The princess sagged into their arms, then broke free as their grip relaxed. “I have to—” she said, darting backward toward the railing to circle around them.
For a moment Cassandra couldn’t make out what the flare of yellow light was. She realized it was an exploding airship just as the blast wave hit; a blue wash of hydrogen flame, and then the real punch, as vaporized kerosene from the fuel tanks mixed with air and flashed off all at once. The Garuda pitched and rolled like a balloon, rotating on her axis and then swinging down again. Cassandra felt herself weightless, and mountaineer’s reflex made her flail for a hold, any hold. The railing that divided the observation deck from the slanting windows struck her across the back of the thighs, and she toppled backward onto the floor as the airship righted itself.
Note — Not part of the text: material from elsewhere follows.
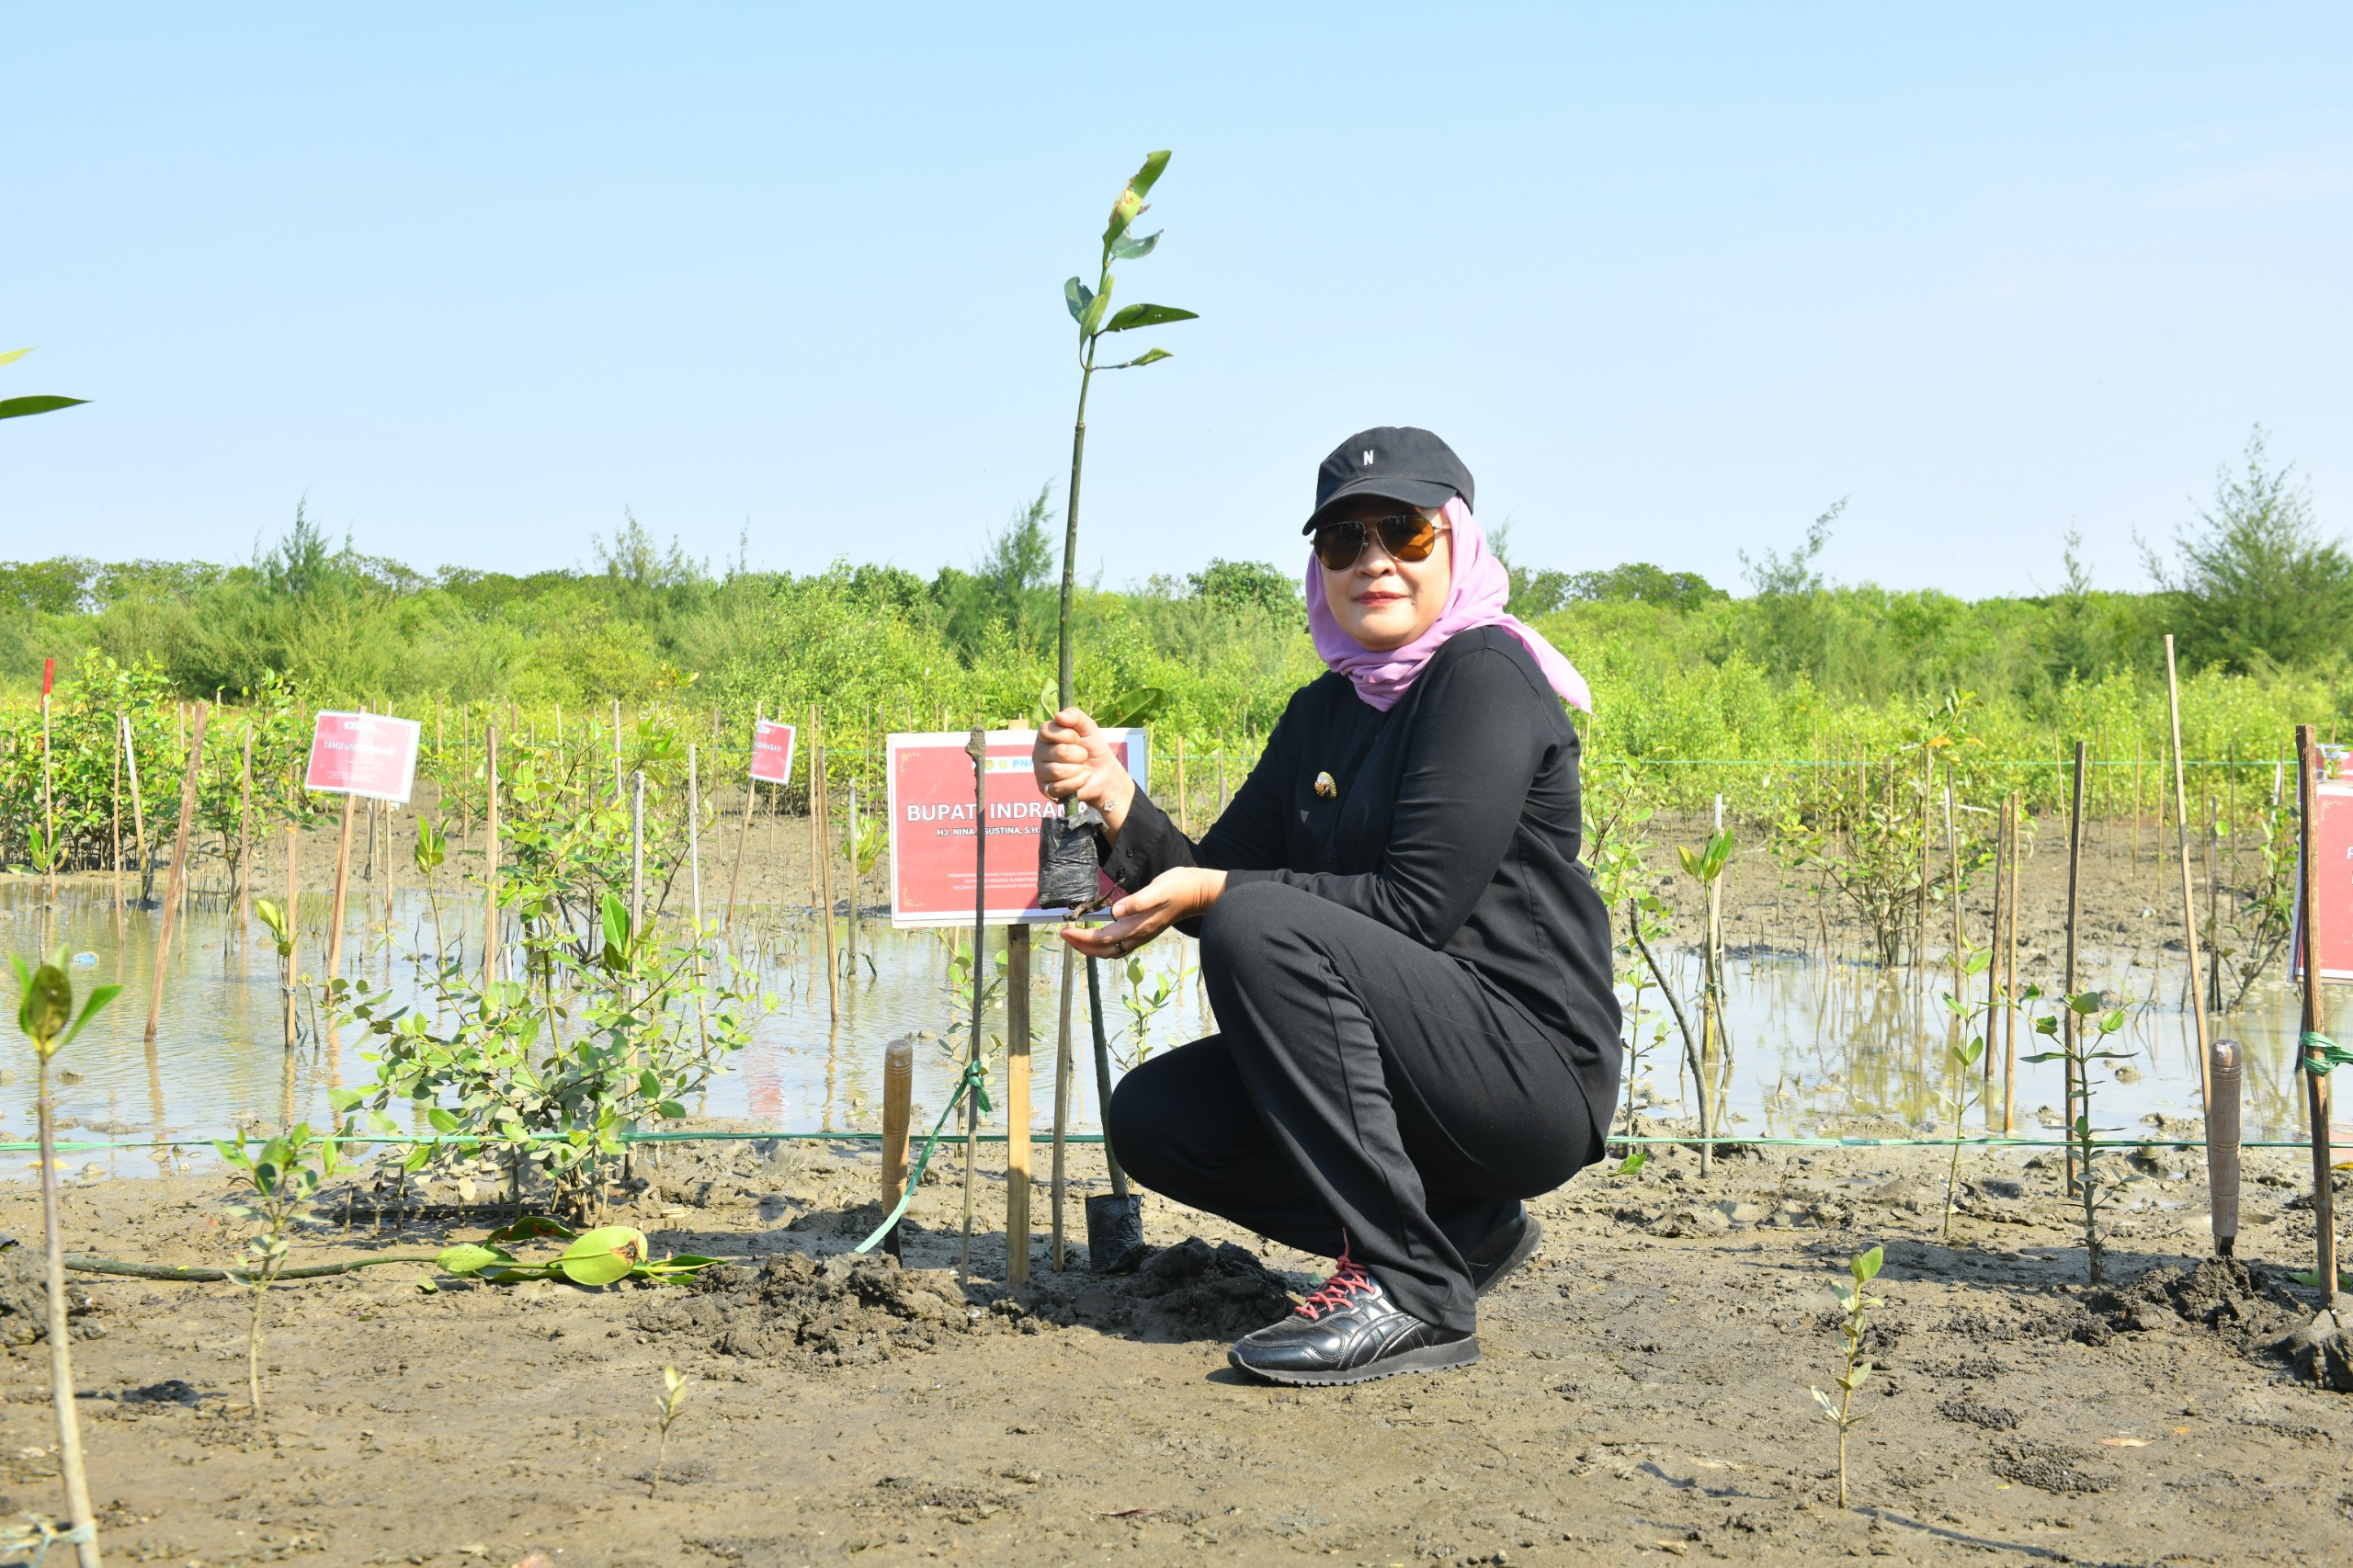 Tumbuhkan Harapan, Bupati Nina Agustina Tanam Mangrove sebagai Langkah Strategis dalam Pelestarian Lingkungan

Glass stabbed at her back. Window blown in, she thought; but that was not the reason she was slow hauling herself to her feet.
“Oh, Gods, two hundred men,” she whispered to herself, clinging to the rail and watching as the flaming debris made meteors through the night. The crew, and the whole company of the Foot Guards, given the nightmare death that had haunted her every time she walked up the boarding ramp of an aircraft. Hatred clenched her fingers on the rail, but only half was for the murderers. The other half was for the malignant fate that had stranded her on this flying bomb.
Dying in an airship crash. How ironic. After years of telling myself how safe it was.
Her mind was functioning. Her body refused, threatening to spew hot bile into the night as she realized that there was nothing between her and the rushing darkened ocean below but air. The sight drew her, despite Yasmini pulling at her and shouting; drew her as the cobra draws the mice, hypnotic.
Not even the sight of Sita’s fingers, cutting themselves as they gripped the metal edging of the vanished window below her, could break the spell. The metal bent, and the body of the kunwari twisted as well, in the rushing passage of the Garuda’s speed. She couldn’t hold for more than a few seconds, and then it would be a long fall to the water.
The only reality was the solid teakwood under her fingers as she stood frozen.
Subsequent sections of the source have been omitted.